§ Material for the task:
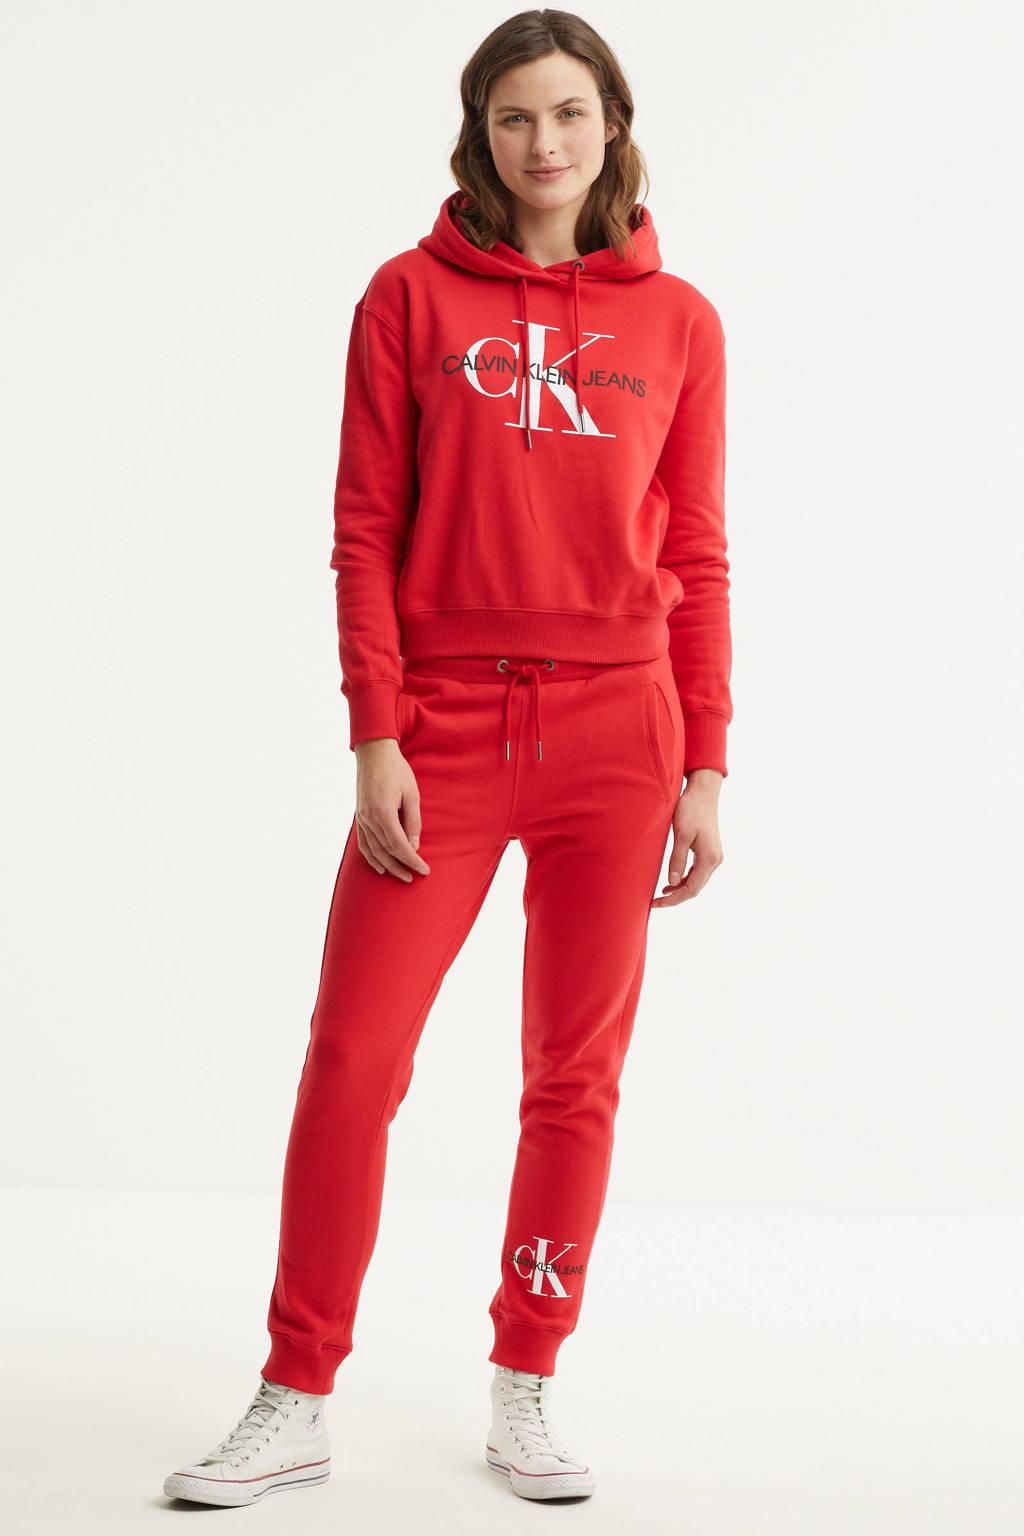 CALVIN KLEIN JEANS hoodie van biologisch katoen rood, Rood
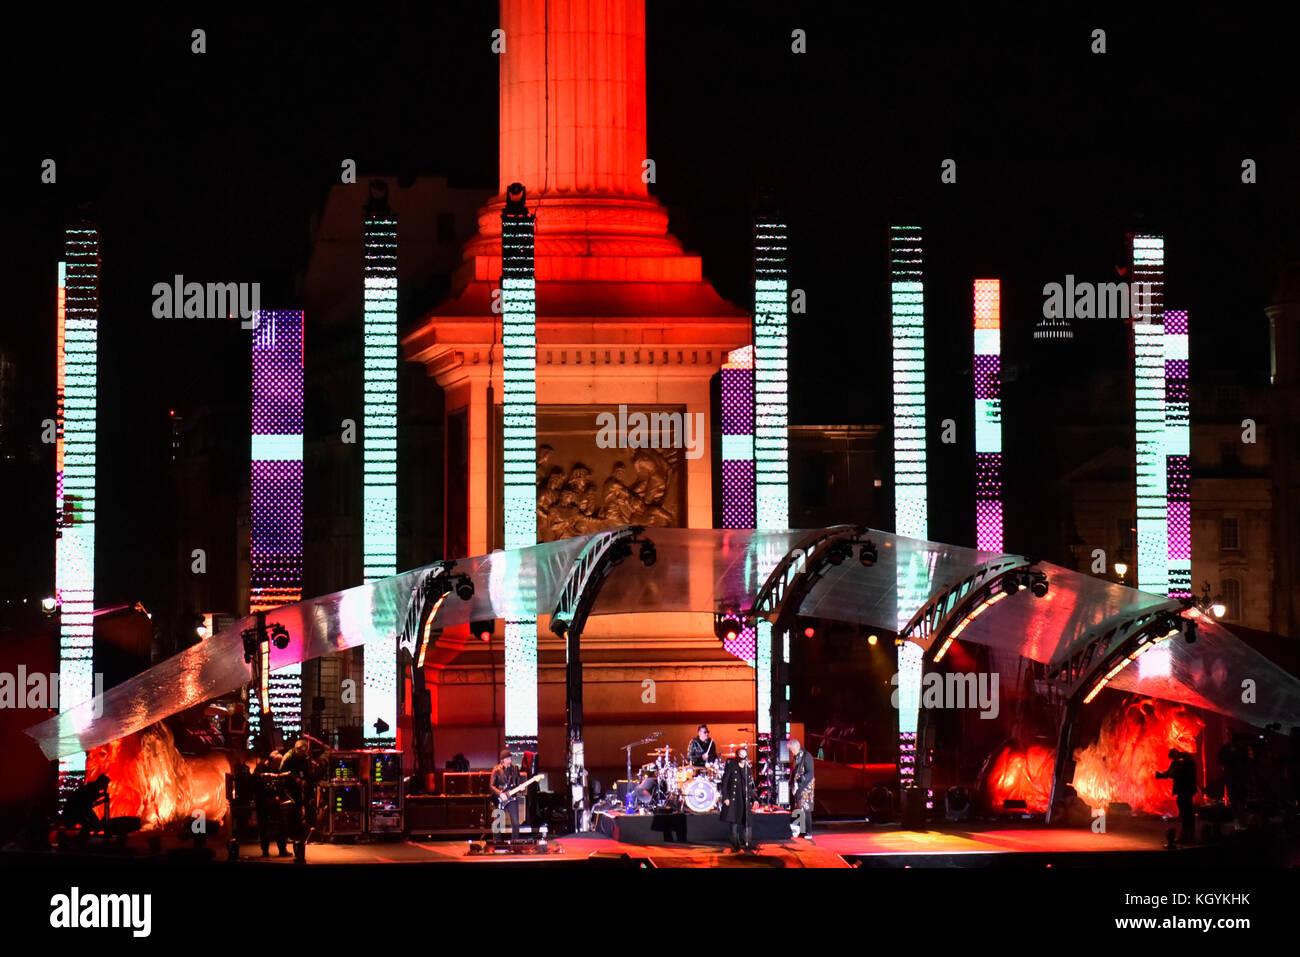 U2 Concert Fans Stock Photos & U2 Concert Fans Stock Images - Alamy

---

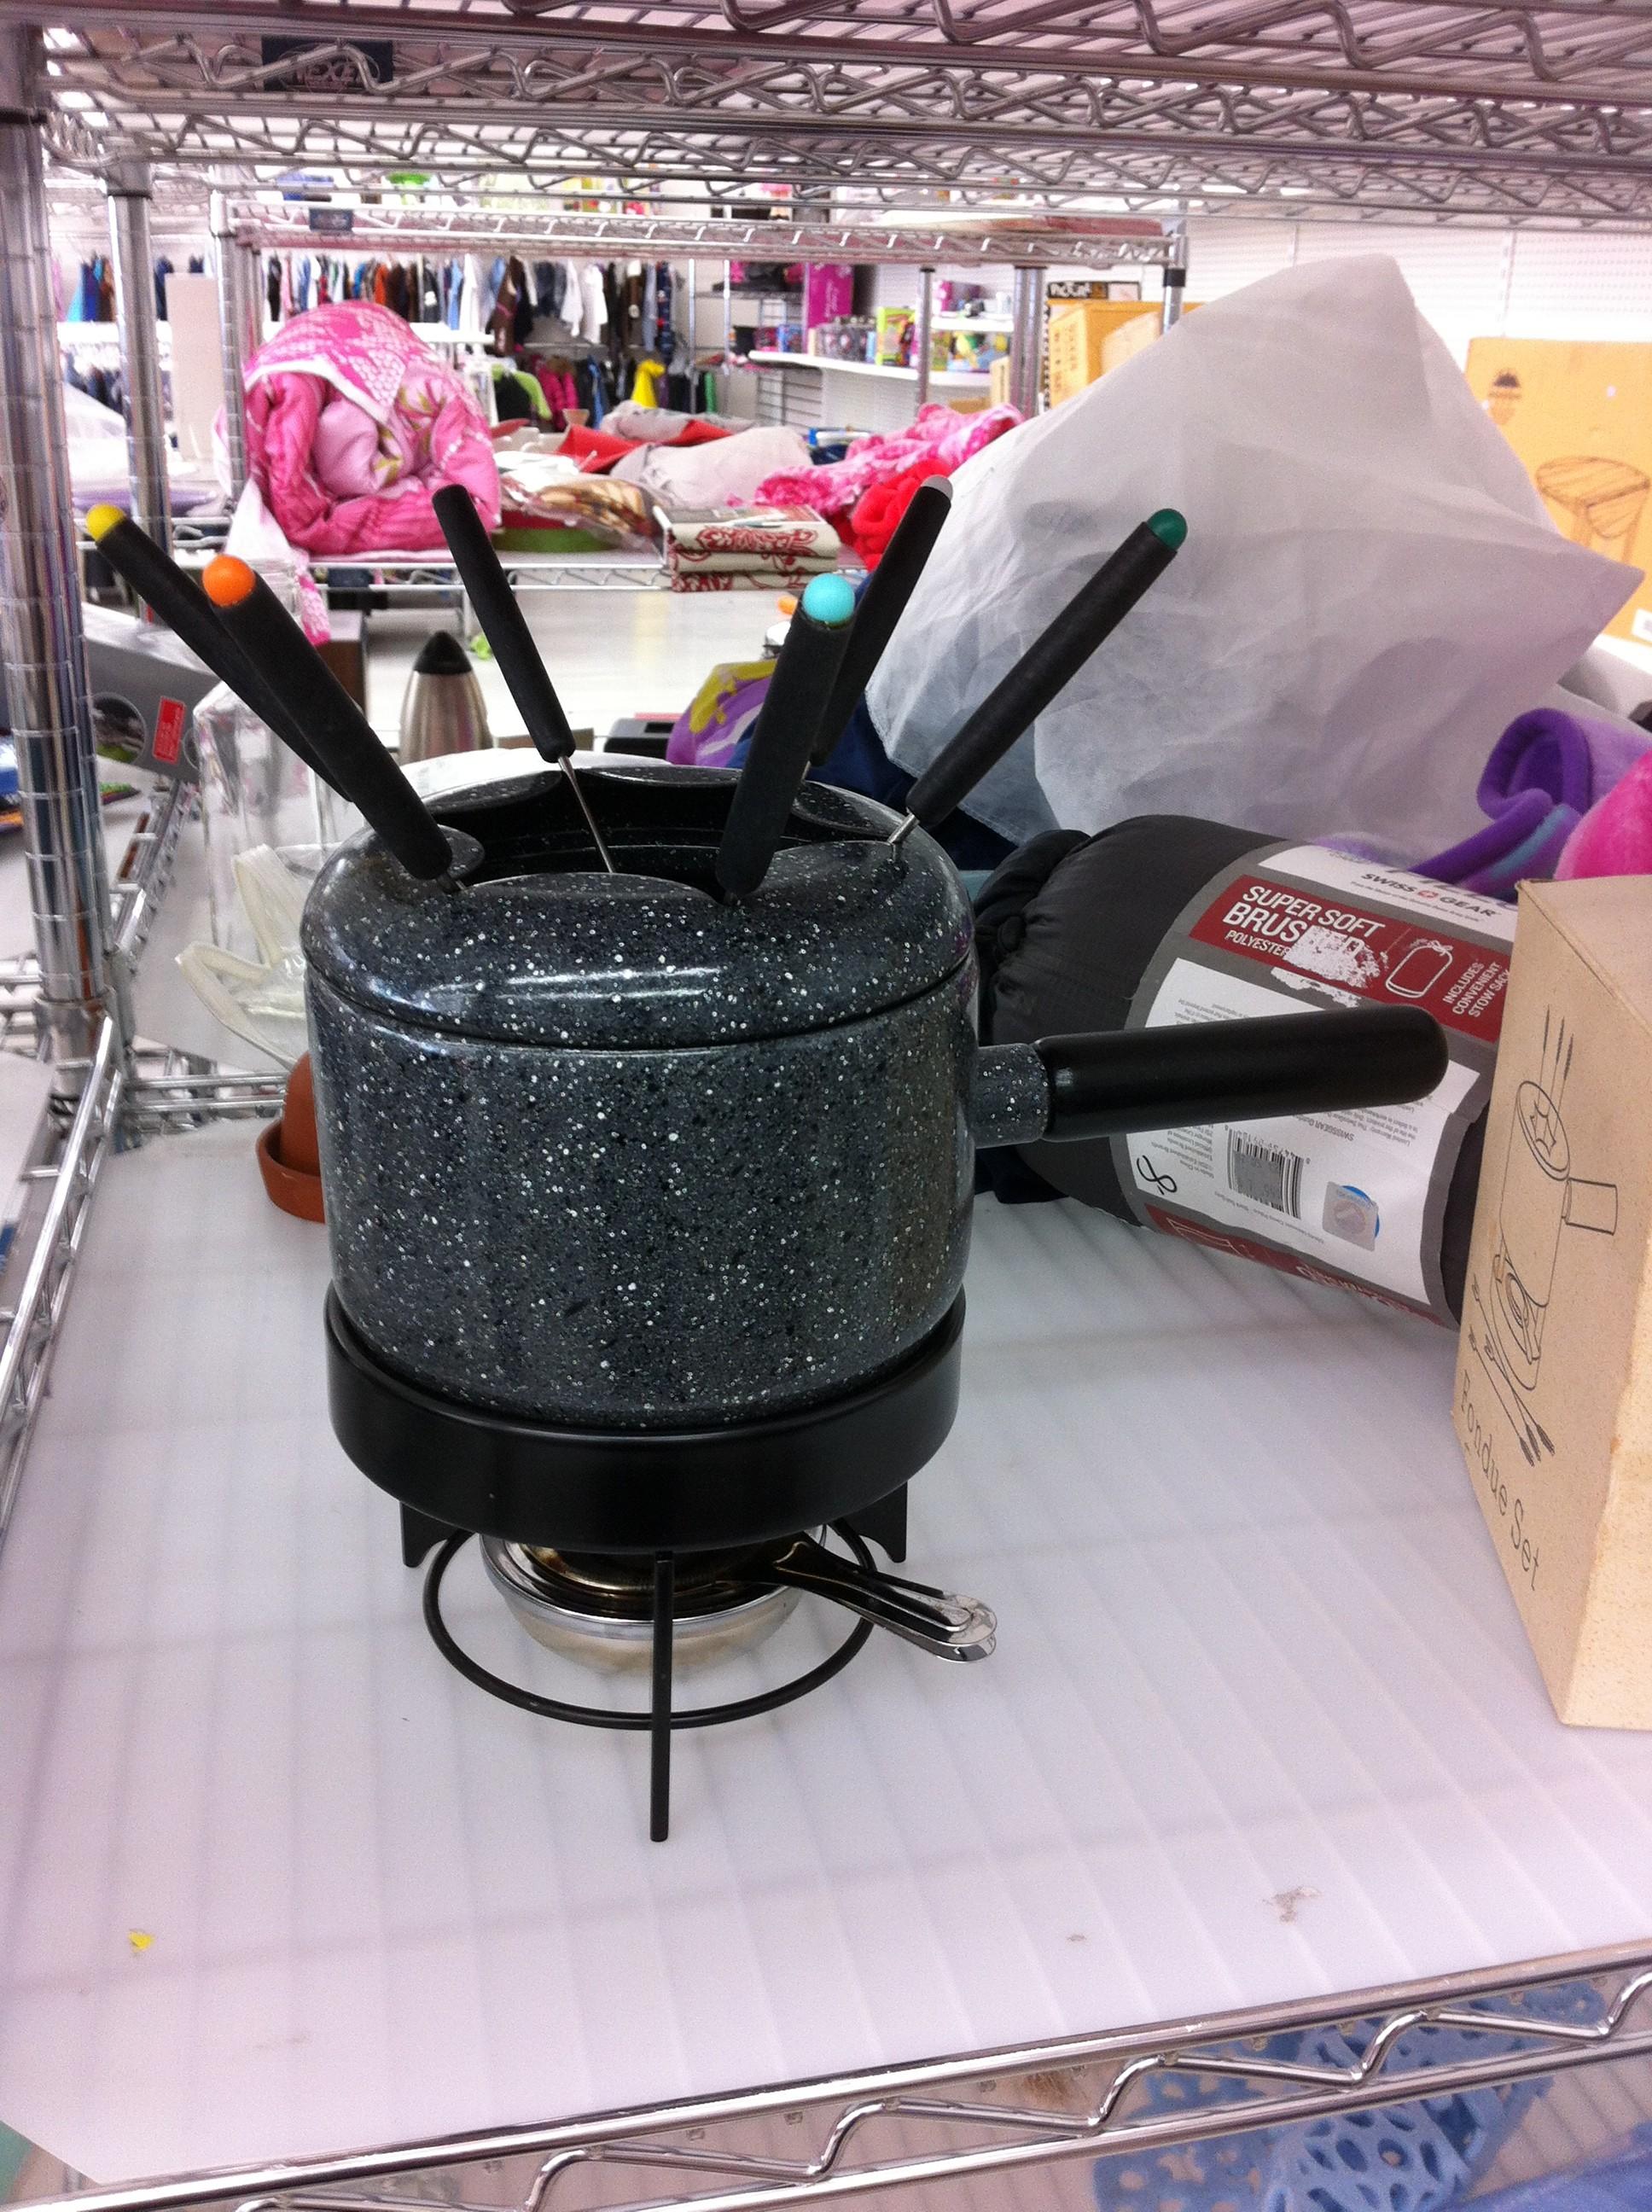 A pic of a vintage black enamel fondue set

---

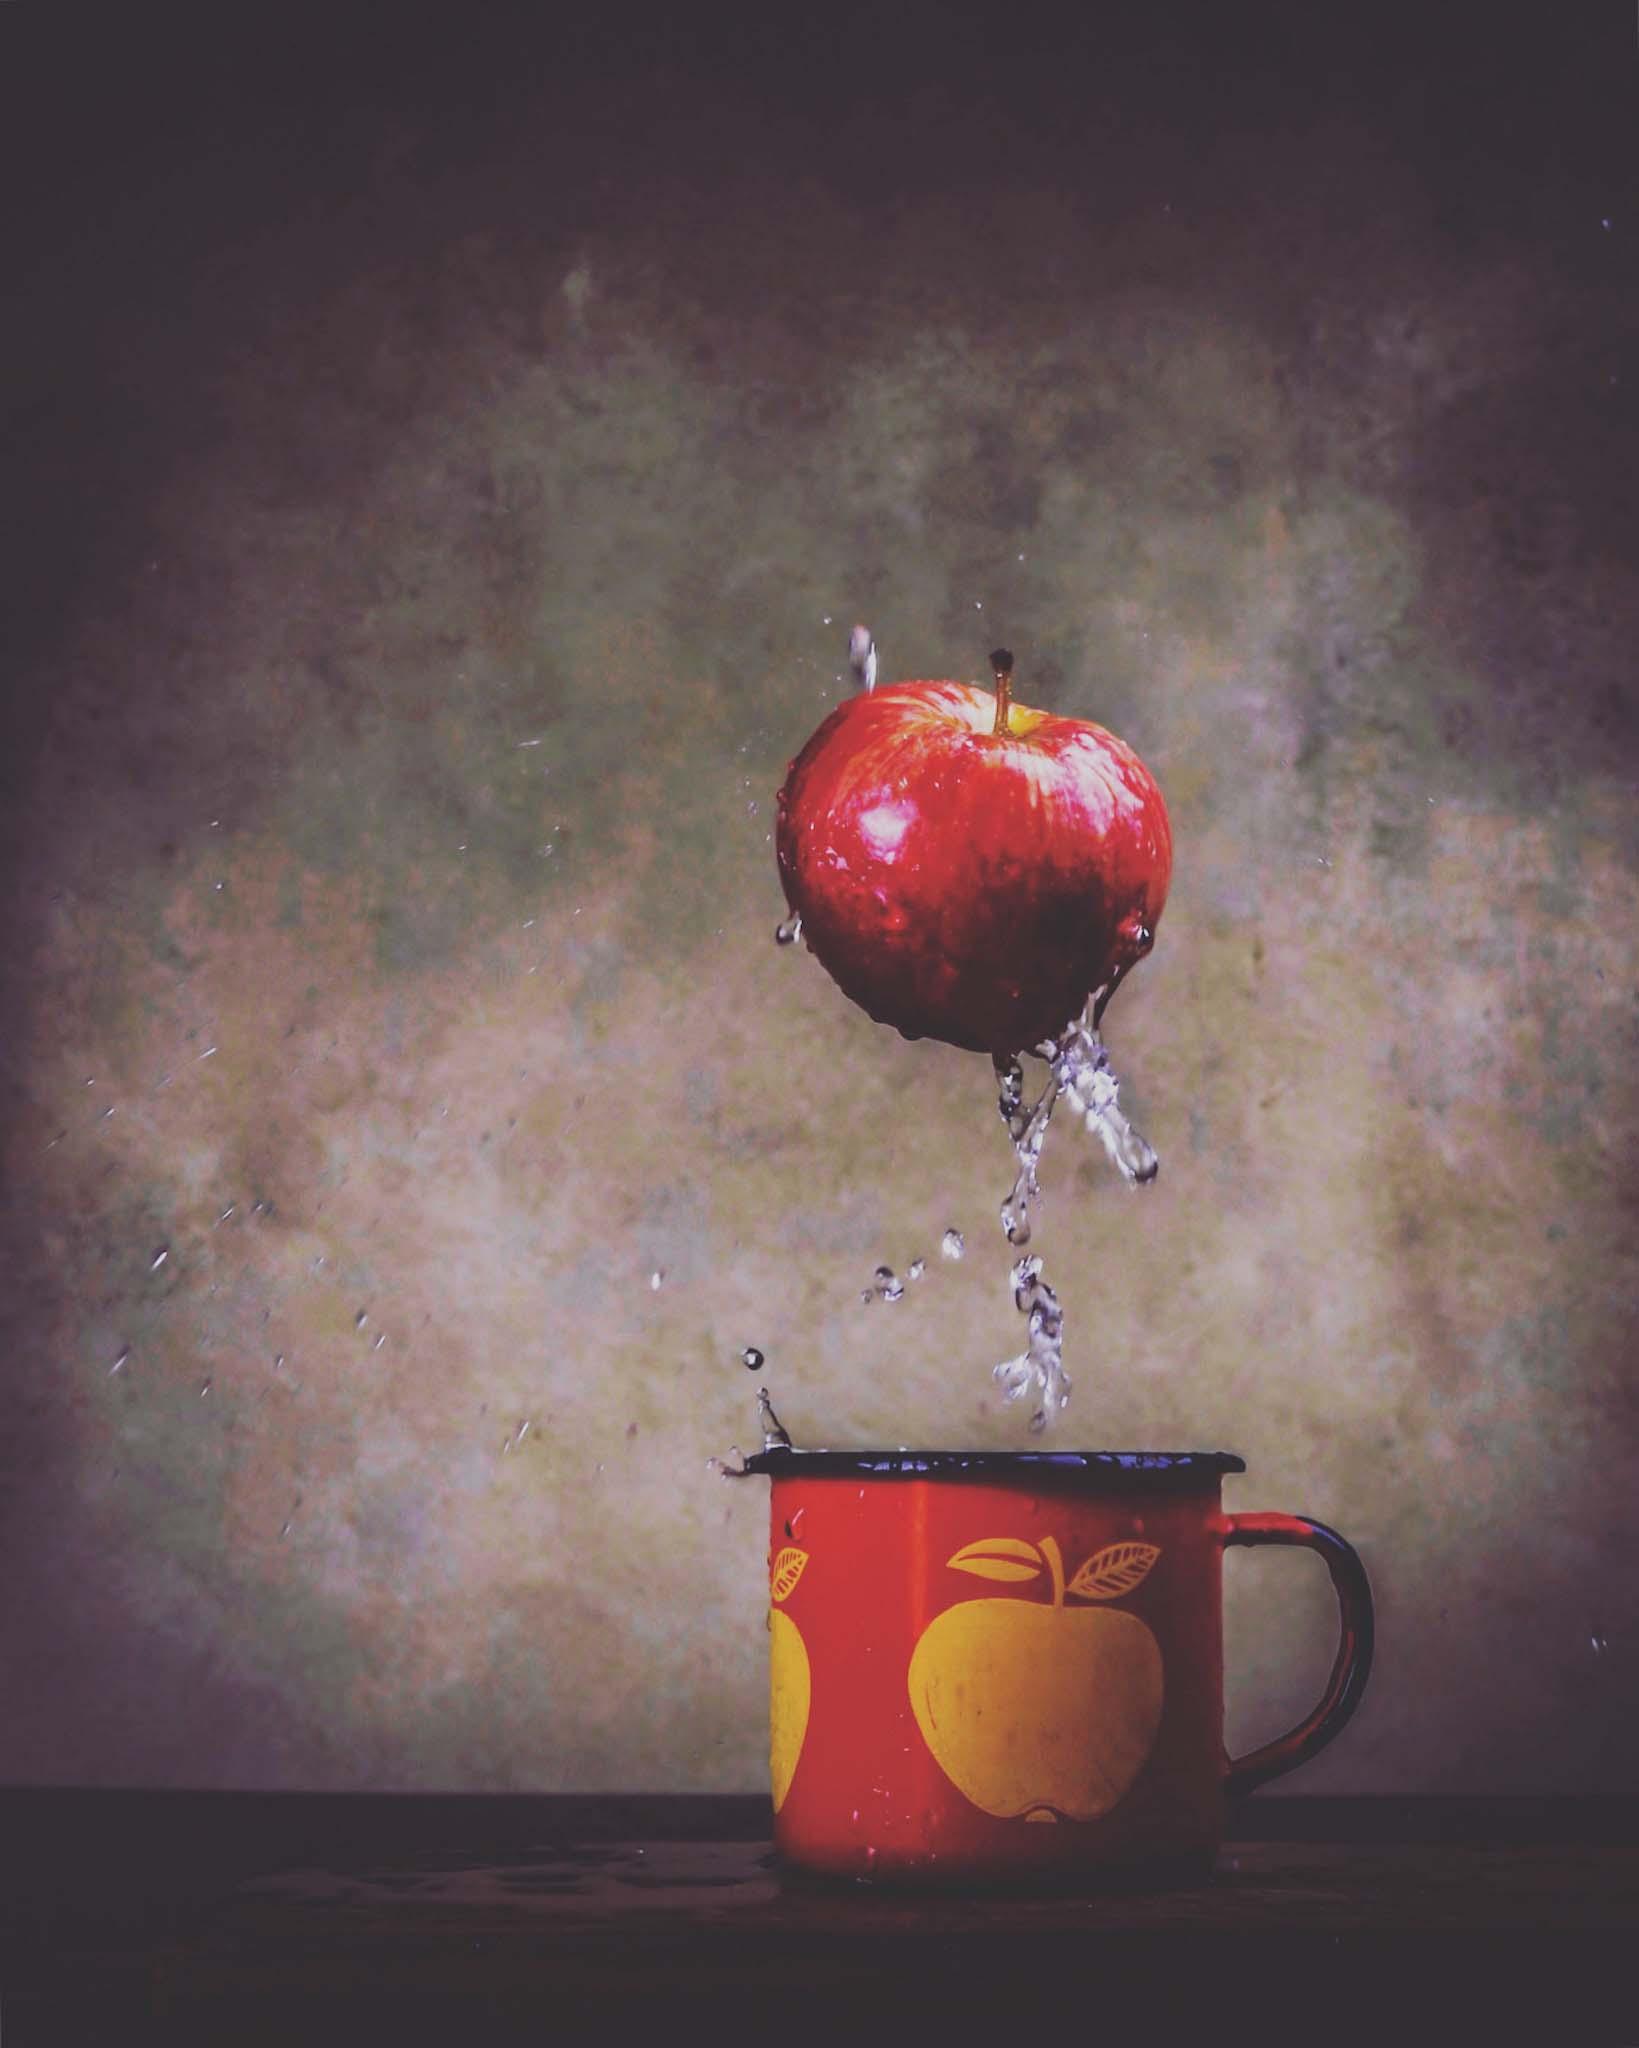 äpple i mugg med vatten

§ How to complete this task: Without the pictures, set down the lines above from the line with "CALVIN KLEIN JEANS" up to and including the line with "U2 Concert Fans Stock Photos" exactly as they stand.

§ Response area:
 CALVIN KLEIN JEANS hoodie van biologisch katoen rood, Rood
 U2 Concert Fans Stock Photos & U2 Concert Fans Stock Images - Alamy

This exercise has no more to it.